# Ice Fishing, I'm ready



## bowgy (Oct 10, 2007)

Pretty cool
https://www.youtube.com/watch?v=DohOJVc2j6s#t=218


----------



## utahgolf (Sep 8, 2007)

pretty awesome!!! I am itching so bad for some ice fishing, looks like about two weeks away and there will be a few more options.


----------



## brendo (Sep 10, 2013)

Pretty cool! But 20 miles out on the ice!?? That's just crazy! the comment at the top of the page is pretty ridiculous too.


----------



## Ton_Def (Dec 23, 2008)

Ahhh! Can't... take... it... much... longer...:boom:

Cool vid!


----------



## fishnate (Sep 11, 2007)

Hard to believe that back East they have been on ice since before Thanksgiving, the earliest that many can remember. I've been ice fishing in Utah for over 30 years and I've almost always been able to ice fish on some medium elevation lake (5,000 to 6,500 ft) by Christmas. Last year was my earliest ice fishing at a lower elevation lake 4800 ft on December 6th. With the forecast I might be on it before New Years.


----------



## 30-06-hunter (Sep 22, 2013)

fishnate said:


> Hard to believe that back East they have been on ice since before Thanksgiving, the earliest that many can remember. I've been ice fishing in Utah for over 30 years and I've almost always been able to ice fish on some medium elevation lake (5,000 to 6,500 ft) by Christmas. Last year was my earliest ice fishing at a lower elevation lake 4800 ft on December 6th. With the forecast I might be on it before New Years.

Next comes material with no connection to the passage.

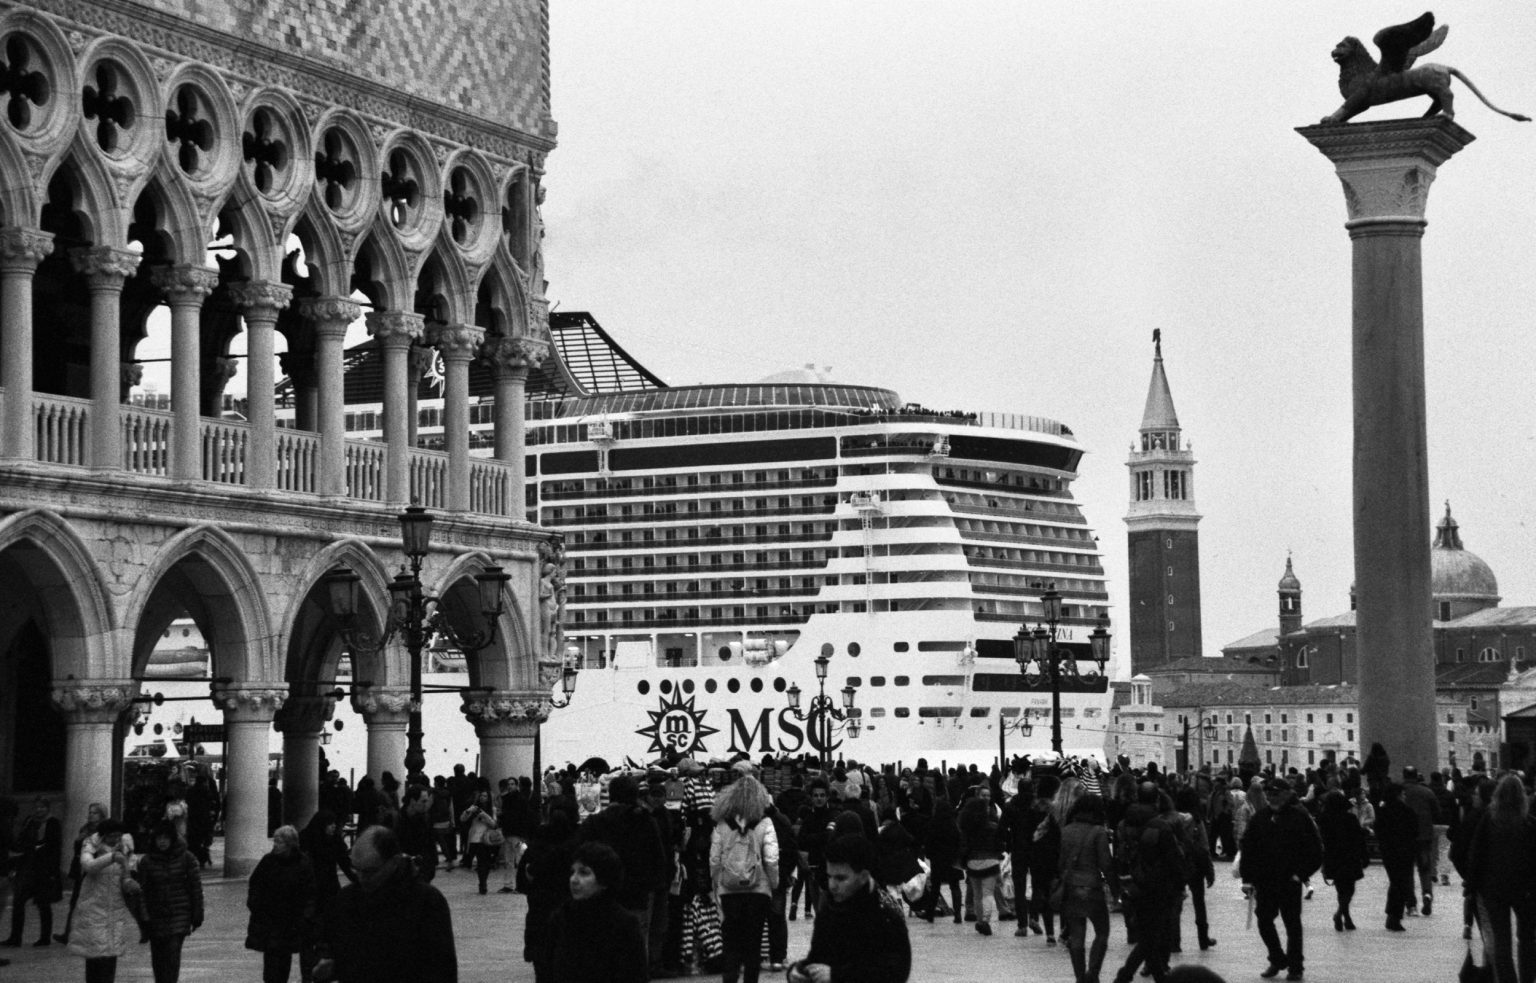 """Venice, August 2013 - Big cruise liners invade the city - MSC cruise ship passing by St. Mark's Square  ><  Venezia, agosto 2013 - Le grandi navi da crociera invadono la città - Una nave MSC passa davanti a piazza San Marco<p><span style=""""color: #ff0000""""><strong>*** SPECIAL   FEE   APPLIES ***</strong></span></p>*** SPECIAL   FEE   APPLIES *** *** Local Caption *** 00551374"""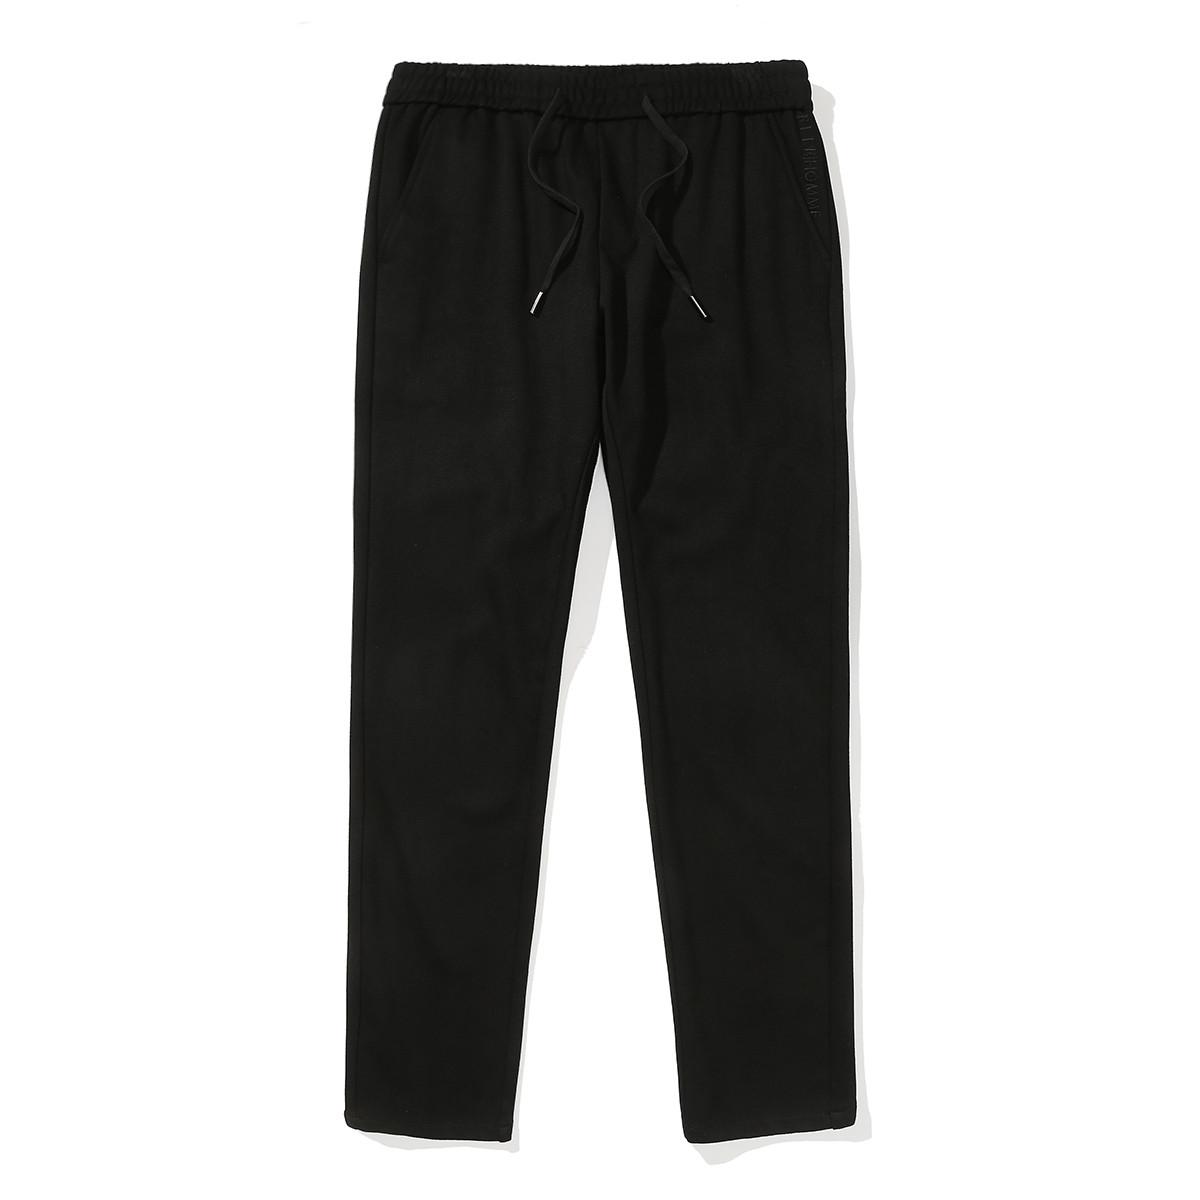 ELLE HOMMEELLE HOMME2019新款男式简约系带休闲长裤ELSHD0683I04

There were several lakes with safe ice in Utah Thanksgiving week, but then it warmed up, there were a few that stayed frozen though. And I'm not sure where back east you are referring to, but I know Maine is having warm weather just like us.


----------



## fishnate (Sep 11, 2007)

Weather's been weird this year for sure. It froze up early in Wisconsin and Minnesota then a lot of places there had a thaw but they still have some ice. Out here in the Basin there isn't much that is capped and fishable without going up in the Uinta's. Matt Warner/Calder iced over early but then softened up too much for my liking. I'm not too concerned, I just opted to fish the Gorge in the nice weather, a good option, we caught several rainbows and pup macks from shore.


----------



## 30-06-hunter (Sep 22, 2013)

fishnate said:


> Weather's been weird this year for sure. It froze up early in Wisconsin and Minnesota then a lot of places there had a thaw but they still have some ice. Out here in the Basin there isn't much that is capped and fishable without going up in the Uinta's. Matt Warner/Calder iced over early but then softened up too much for my liking. I'm not too concerned, I just opted to fish the Gorge in the nice weather, a good option, we caught several rainbows and pup macks from shore.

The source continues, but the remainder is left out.